A big sinkhole has appeared in the city of Rockville! The city council is worried that more sinkholes might appear and has voted to move the entire city. You and your team have been hired by the mayor’s office to choose a new location for the city. Your job is to investigate which rock is most likely underneath the current city, and determine what type of rock the new city of Rockville should be built on.

Materials

  • Dropper bottles (2 per group)
  • 1 of each type of rock per group: limestone, granite, basalt.
  • pH paper

Safety

  • Always wear safety goggles when handling chemicals in the lab.
  • When working with acids and bases, if any solution gets on your skin immediately rinse the area with water.
  • Follow the teacher’s instructions for cleanup of materials and disposal of chemicals.
  • Wash your hands thoroughly before leaving the lab.

Procedure

  • Complete pre-lab questions in your group.
  • Collect pH paper, two dropper bottles (labeled “1” and “2”) and one of each type of rock from your teacher. Make sure you know the name of each rock.
  • You will need to determine what type of liquid is in each dropper bottle. To do this, squeeze one drop of liquid from dropper 1 onto a piece of pH paper. Compare the color change of the pH paper with the associated pH chart. Record your results in Table 1.
  • Repeat step 3 using the second dropper bottle and a new piece of pH paper.
  • Next, you will test how these two liquids react with different rocks. Select a rock and add a drop of liquid from each bottle to the surface of the rock.

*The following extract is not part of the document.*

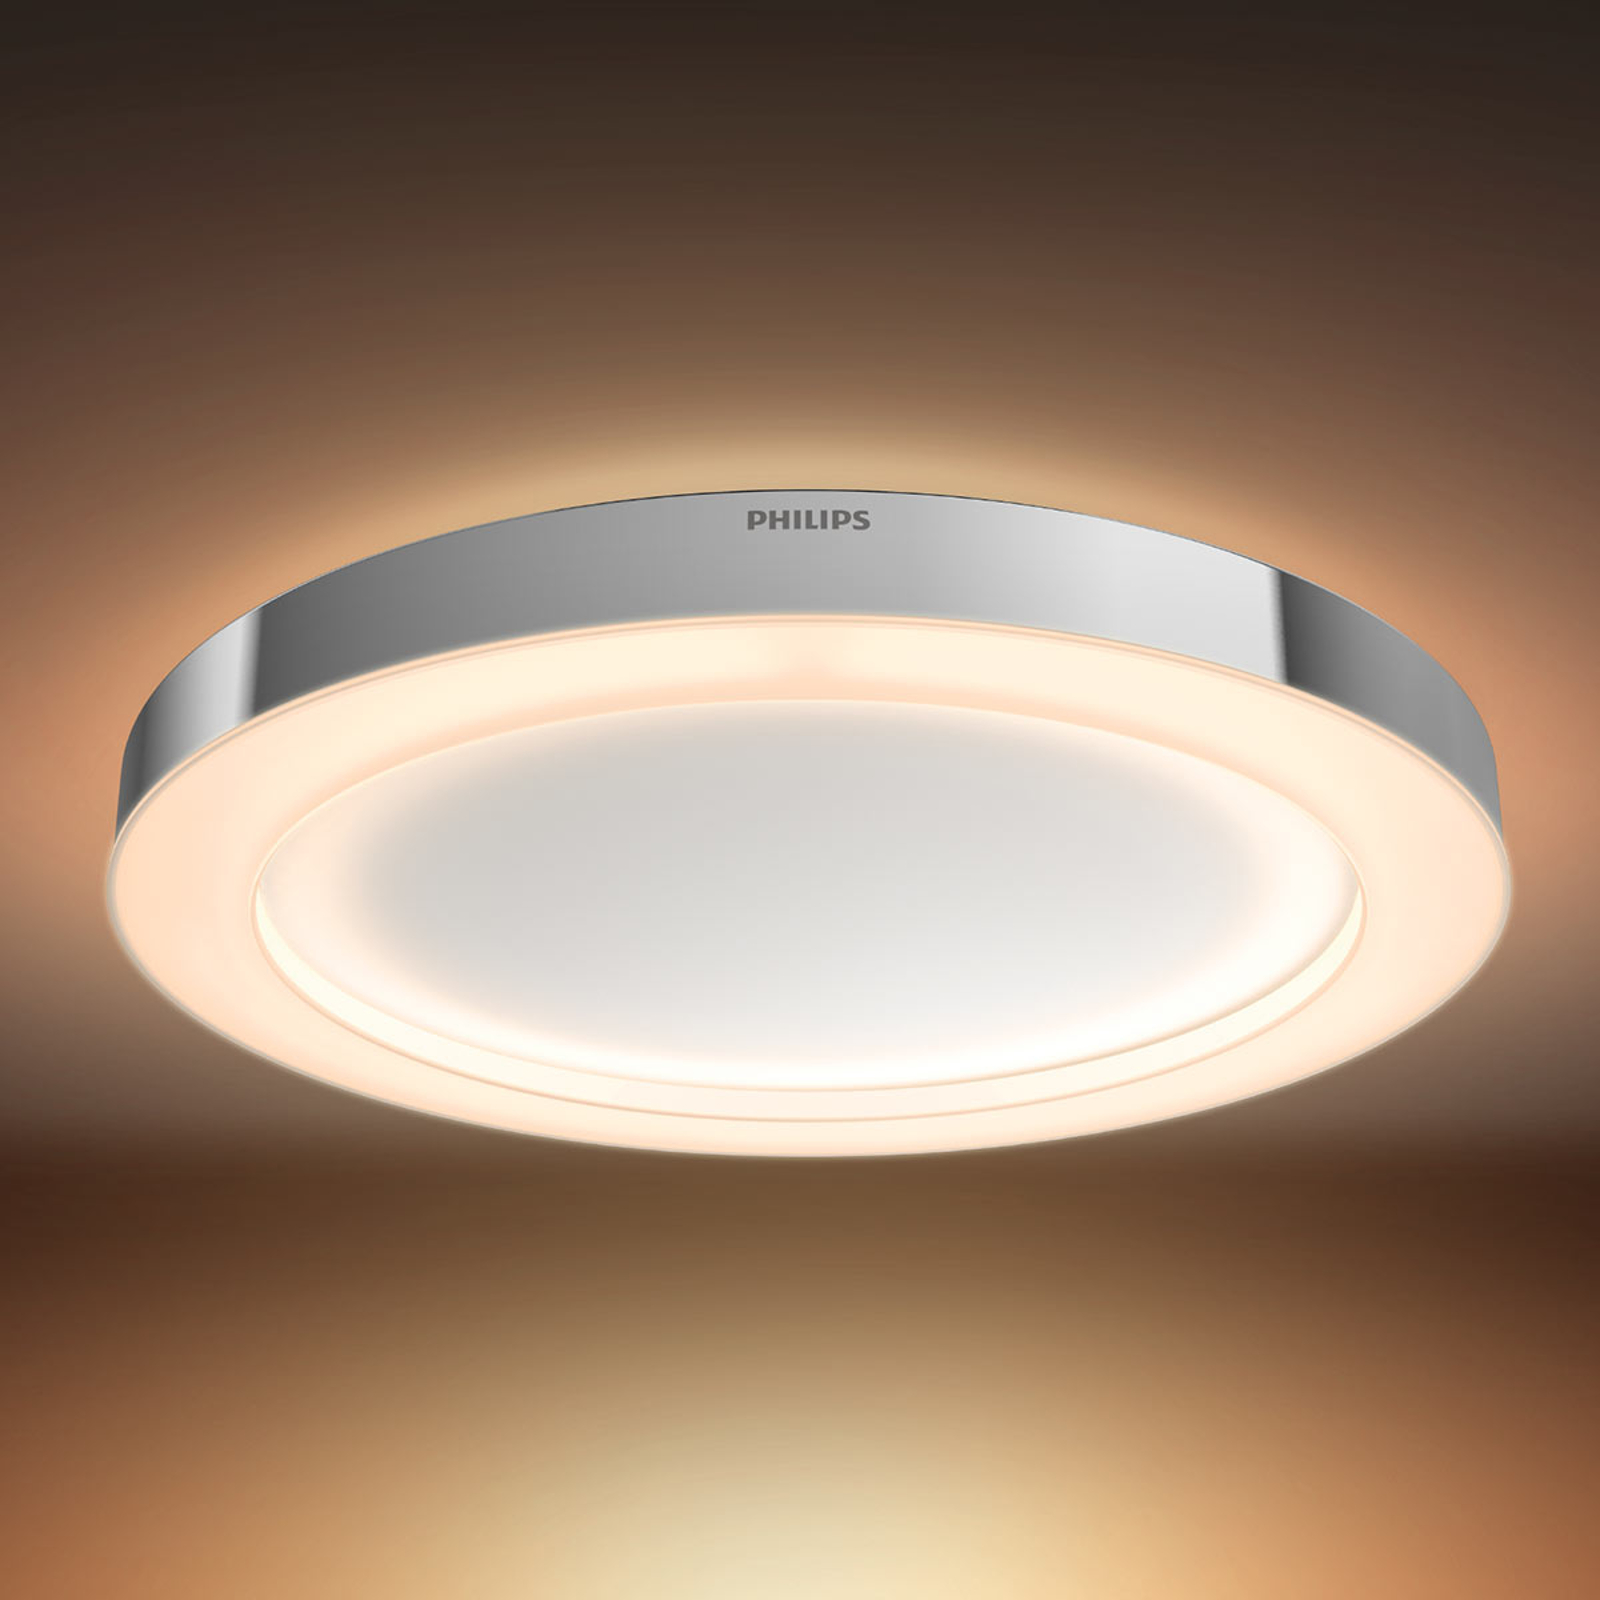 Philips Hue Adore Bathroom Ceiling Lamp Lights Co Uk

Record your observations (any indicators of chemical change) in Table 2.
  • Repeat step 5 for each rock that you have.

Results and Observations

Table 1: pH Test Results

Dropper pH Acidic, Basic, or Neutral?
1
2

Table 2: Rock Observations

Rock Type Observations
Dropper 1 Dropper 2
Basalt
Granite
Limestone

Analysis

  1. Which dropper bottle contained an acid? Explain how you know.
  2. What do you think was in the other bottle? Justify your answer.
  3. Which rock(s) reacted with the acid? Did the reaction indicate that a physical or chemical change occurred?
  4. Given what you have learned about how sinkholes form, which rock(s) likely caused the sinkholes in Rockville? Or in other words, which rock(s) do you think is underneath the city of Rockville? Be sure to explain your answer using evidence from your experiment.
  5. The city council of Rockville has found three possible locations for the new city. The first location would have granite underneath the city, the second location would have limestone underneath the city, and the third location would have basalt underneath the city. Which location(s) would be the safest for the city to move to? Explain your reasoning.
  6. Dolostone, which is another type of rock, is known to produce a small amount of fizz (gas) when it interacts with an acidic substance. The Rockledge Company is thinking of making an outdoor statue out of dolostone and has asked for your advice. Since you are an expert scientist, you know that the pH of rainwater is 5.5. Do you think this statue is a good idea? Why or why not?
  7. Based on the results of your testing and what you now know about dolostone, could there be a connection between dolostone and any of the rocks in this activity? If so, what do you think it is? (Things to consider: Do the rocks have anything in common? What may cause them to share physical or chemical properties?)
  8. Challenge: The chemical reaction that causes sinkhole formation is: H2O(l) + CO2(g) + CaCO3(s) → Ca2+(aq) + 2HCO3-(aq). A calcium ion and a bicarbonate ion are products of the reaction. What role do you think the carbon dioxide gas (CO2) plays in this reaction?

Conclusion

In your own words, explain how sinkholes form. Be sure to include why they form, how to tell if an area may be affected by sinkholes, and the role that acidic substances play.